Sargent fue un hombre que mostró desde joven una habilidad pasmosa para el dibujo. Fue depurando a lo largo de su vida una técnica que lo hizo estar tremendamente solicitado y cotizado entre las clases pudientes de la Europa del momento. Un virtuosismo técnico que le hizo merecedor de las más altas críticas y también le granjeó numerosos detractores cuando los aires de modernidad irrumpieron con las denominadas vanguardias a principios del siglo XX. Cultivó principalmente dos géneros: el paisaje y el retrato. En este último llegó a tener un dominio inusitado, preñado de ecos velazqueños en numerosas ocasiones. Muchos fueron los clientes de las principales capitales que lo buscaban en pos de sus vanidades. Pero, sin lugar a dudas, fue el retrato de Virginie Amélie Avegno Gautreau, (una socialité de la época), el que lo ascendió a un nivel superior; aquel en el que determinadas obras y artistas reescriben la historia de su momento convirtiéndose en protagonistas atemporales.

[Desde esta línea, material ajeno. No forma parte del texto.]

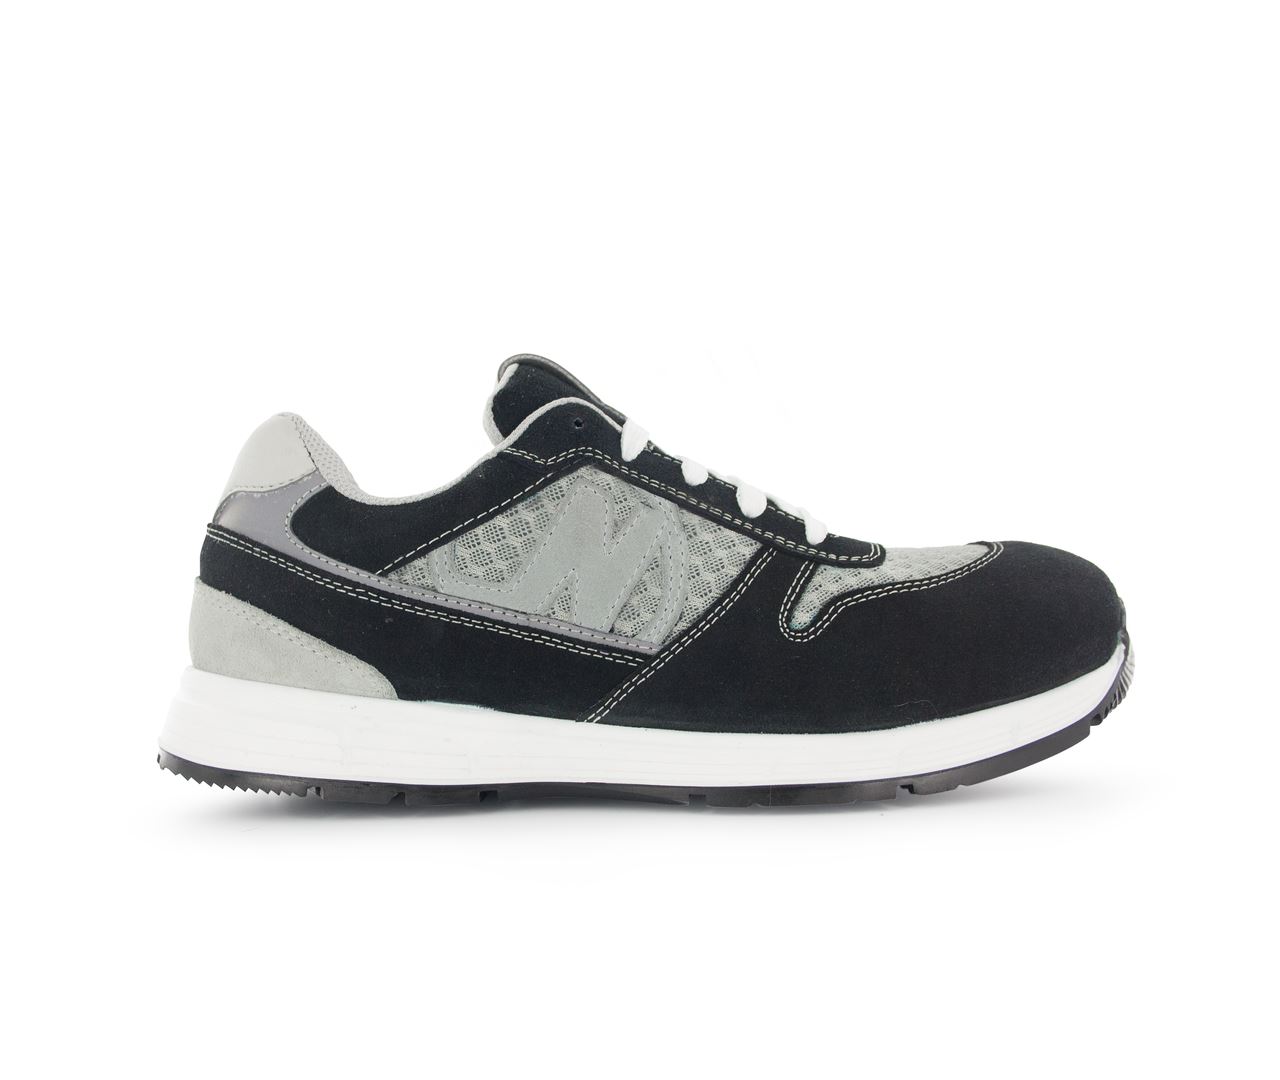 Chaussure de sécurité noir/gris Run Soft T.41 - Nord'Ways - RUN000241000NOGR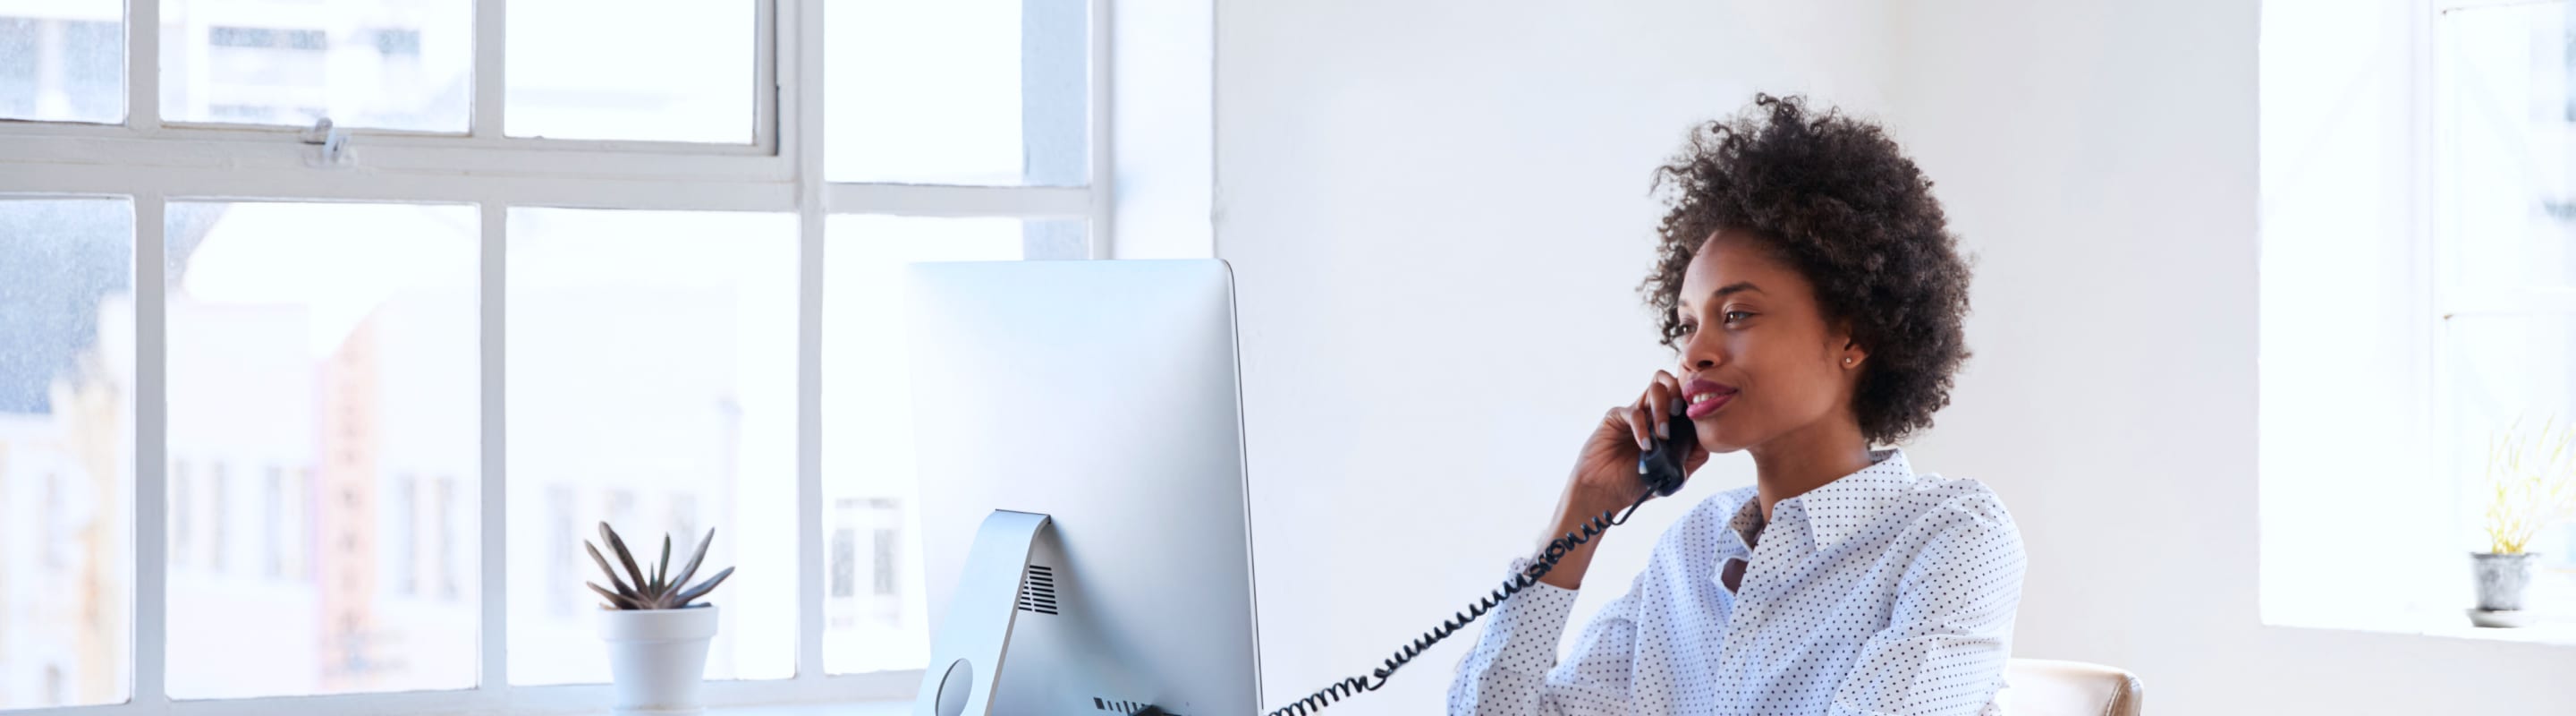 Un employé utilise une solution vocale de Bell pour communiquer avec ses clients, ses collègues et ses partenaires afin de maintenir les activités essentielles de l’entreprise.

La señora Gautreau fue una obsesión para Sargent. Fue el propio artista el que se ofreció, siendo ya renombrado pintor, a retratarla. Otros lo habían intentado antes y ella los había rehusado. Virginie poseía una belleza singular que despertaba pasiones entre sus contemporáneos, acostumbraba a empolvar su cuerpo y rostro con polvo de arroz y teñía su rizado pelo con un tono anaranjado. Sus aventuras extramatrimoniales eran comentarios habituales en la prensa sensacionalista de la época y su estilo elegantemente extravagante y siempre a la última novedad de la moda, no pasaba desapercibido entre los hombres y mujeres del París de las últimas décadas del siglo XIX. Sargent pretendía con su retrato alzarse definitivamente entre lo más granado del París finisecular, conseguir un golpe de efecto en el Salón de 1884. Virginie posó con un provocador vestido negro, de una cintura casi imposible y un tirante de brillantes caído; el rostro de perfil y la pose altiva, orgullosa. No pasó desapercibido el cuadro; pero no como ellos esperaban.

La sociedad parisina se cebó con una pintura que consideraron indecente, provocadora. Podían tolerar su vida infiel y libertina, pero no la arrogancia con que parecía presumir de ello en el cuadro. Hay que tener en cuenta que el lienzo no se tituló con el nombre de su protagonista y que terminaría pasando a la historia como retrato de Madame X. Sargent, agobiado por críticas y presiones, se limitó a repintar el tirante caído y colocarlo sobre el hombro de la dama, pero no sirvió de mucho: tanto la fama del artista como la de su ansiada modelo quedaron gravemente heridas. Virginie optó por un largo periodo de ausencia del mundanal ruido parisino. Nuestro pintor se marchó de París, junto con el cuadro motivo de escándalo, para afincarse en Londres.

Ahora que se cumplen cien años de la muerte de este genial estadounidense es un buen momento para recordar su figura y obra. Igualmente, para reflexionar sobre cómo el arte nos trasciende y enseña sobre la propia vida, sus incoherencias y pasiones. Nadie recordaría hoy a Virginie Gautreau si no fuera por el lienzo que Sargent le dedicó. Un cuadro que tiene un lugar destacado en la historia del retrato pictórico, una obra que sacudió la hipocresía de la sociedad que lo alumbró y que hoy, desde el Metropolitan Museum de New York- al que el propio Sargent terminó vendiéndolo- nos sigue deslumbrando. No pudo imaginar aquella mujer obsesionada con su piel pálida y su propia figura enigmática que el cuadro que creyó causante de muchos de sus males terminaría siendo su salvoconducto hacia la eternidad.